The boss devil said:
"Look among the young ones; the old ones wouldn’t stoop to such things."
The old man approached a group of young devils:
"Open your mouths!" The young devils opened their mouths. The old man looked and saw a half-eaten flatbread in one of their mouths.
"Here it is, my flatbread!" the old man said to the boss.
The boss stomped his foot at the young devil:
"Why did you steal the old man’s flatbread? He’s a poor man, and you’re stealing from him. If that’s the case, take him, old man, let him serve you to make up for your loss."
The old man scratched his head:
"Where would I take him? I don’t even have enough to eat myself. And there’s no work for him."
"Don’t worry," said the boss, "he’ll find work for himself."
The old man agreed and took the young devil. "Maybe," he thought, "he’ll at least go to the forest for firewood sometime."
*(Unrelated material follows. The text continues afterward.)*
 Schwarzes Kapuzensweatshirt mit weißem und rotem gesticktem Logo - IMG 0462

He brought him home. The old man and his wife took out a handful of grain.
The devil said:
"Let me grind it."
"We can grind such a small amount ourselves; it’s not hard."
"No," the devil insisted, "let me grind it..."
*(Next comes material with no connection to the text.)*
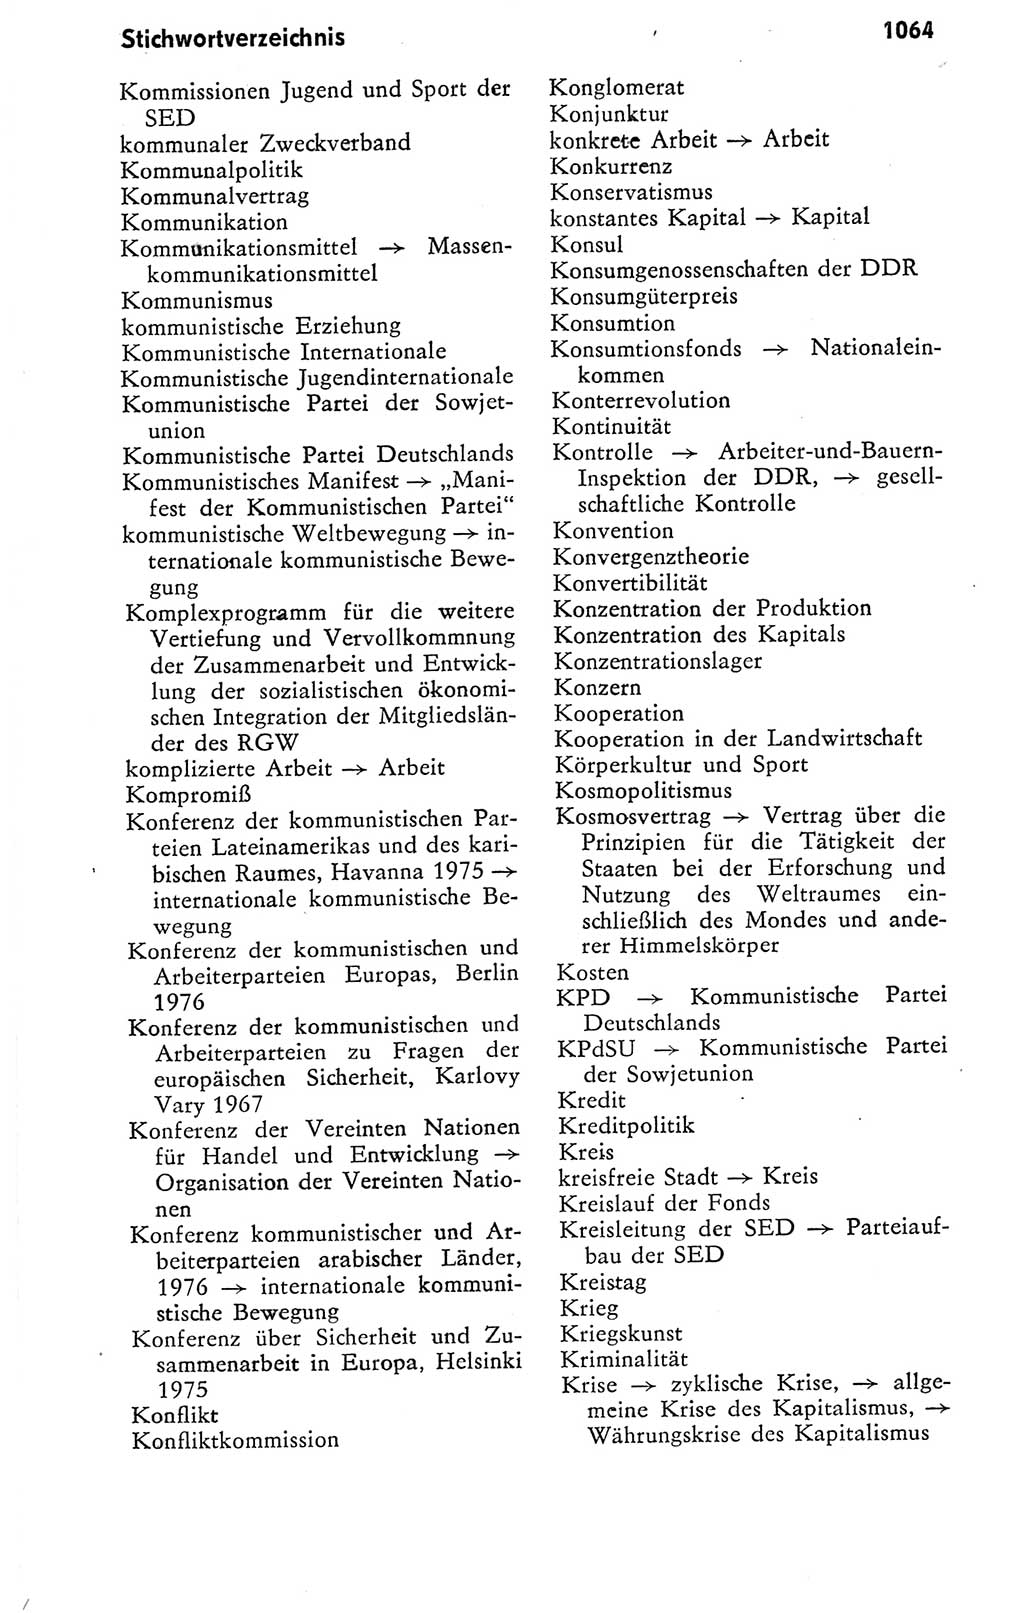 Kleines politisches Wörterbuch [Deutsche Demokratische Republik (DDR)] 1978, Seite 1064 (Kl. pol. Wb. DDR 1978, S. 1064)

They gave him the grain. The devil started grinding. The wife had already kneaded the dough, but the millstones were full of flour. The old man and his wife began scooping the flour into the storage bin. They filled it to the brim...
The old man praised the devil:
"Now that’s a worker!"
The old man went to plow the field with the devil. The devil said to the old man:
"Hitch me to the plow instead of the horse." The old man hitched the devil to the plow. The devil turned this way and that and plowed the entire field.
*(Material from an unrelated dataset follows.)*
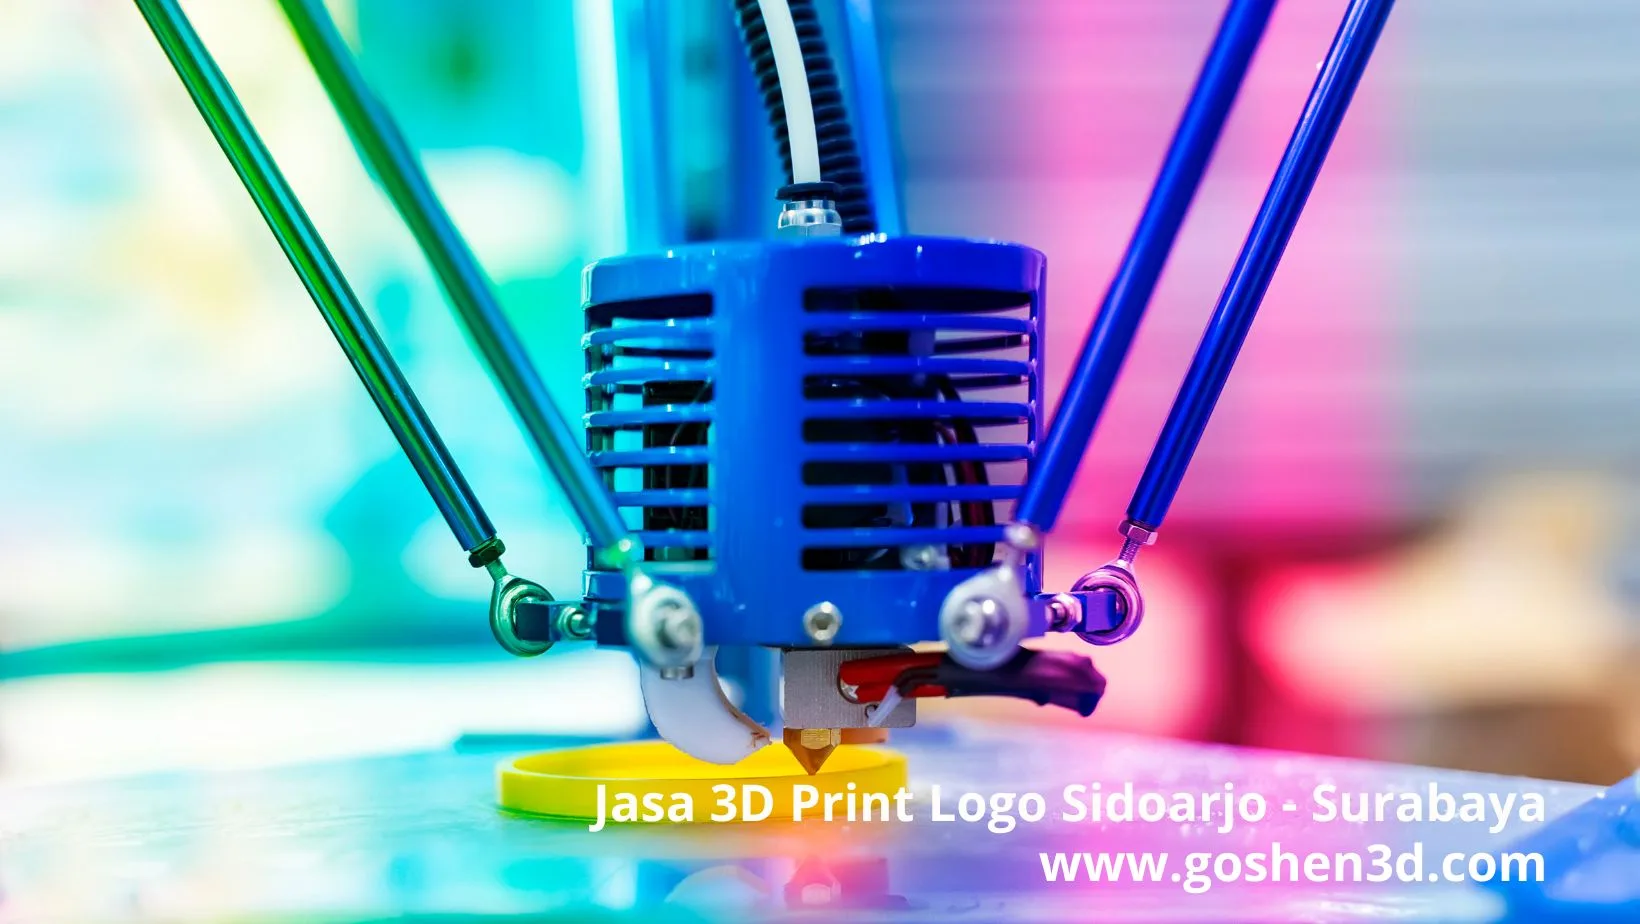 Jasa 3D Print logo Sidoarjo

"What should we do now?" the devil asked the old man.
"I don’t have any more land," said the old man.
"Then let’s take a plot from the landlord on shares: we’ll clear it and sow wheat."
So they did. The devil cleared, uprooted, plowed, and sowed the wheat in a single day.
The wheat grew beautifully. The devil harvested it, bound it into sheaves, stacked it into piles, and they began dividing it: half to the landlord for the land and half to the old man for the seed and labor.
The devil said to the old man:
"Bargain with the landlord like this: a cartload for him and an armful for us."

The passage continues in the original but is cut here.